然此老亦明知溫病熱病,必多陽明經腑之症,第苦於一口咬定手經在先,則胃是足經,無以自圓其說,乃更倚老賣老,信口雌黃,捏造河間溫熱,先究三焦二語,隱隱然以自己所說之肺病心病,歸之上焦,即以世間恆有之陽明熱病,歸之中焦。純是掩耳盜鈴手段,其計不可謂不狡,然自欺欺人,終不能使天下後世不一讀河間之書,試問溫熱三焦之語果出何處,則臆說立見其窮。

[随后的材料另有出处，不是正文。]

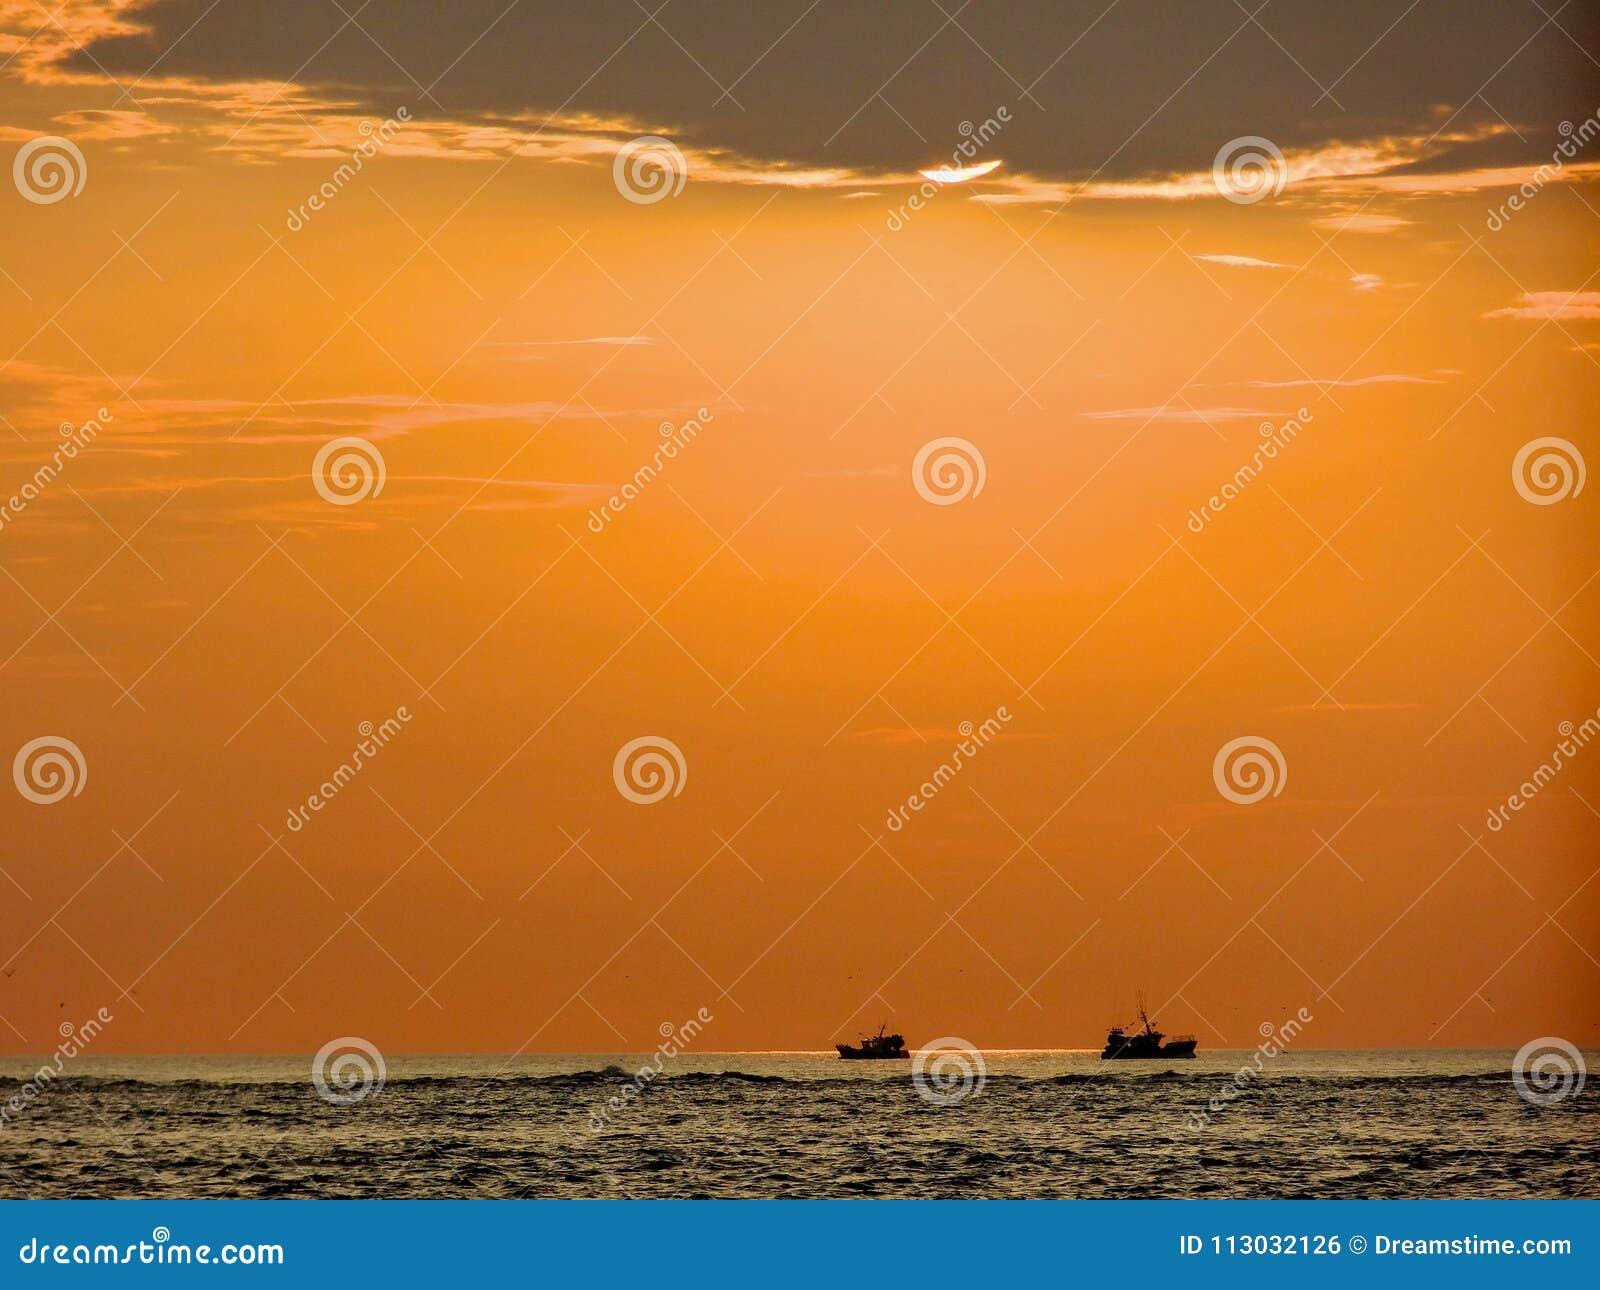 El pescador se prepara antes de la puesta del sol

可嘆鞠通不學,竟以讕言作為鴻秘,所撰《條辨》即以三焦分篇,而耳食之徒,又能信此兩家,寶為兔園冊子,所謂葉派者遍於國中,於是治溫熱者,絕不聞分經辨證之論,豈不可駭?獨此昏瞀猝僕之中風,則是氣血上衝之腦神經病,不在十二經絡例中,而論者反欲拘執六經,強為比附。一則有經可據而無端破壞之,一則無經可尋而反以附會之,皆是邪說淫辭,不可不正。

然以中風附會六經者,則古時腦經之理,尚未發明,僅憑思想,而有此誤會,亦當為古人曲諒。以視葉氏之妄作聰明,破壞仲師條理者,其罪猶當未減。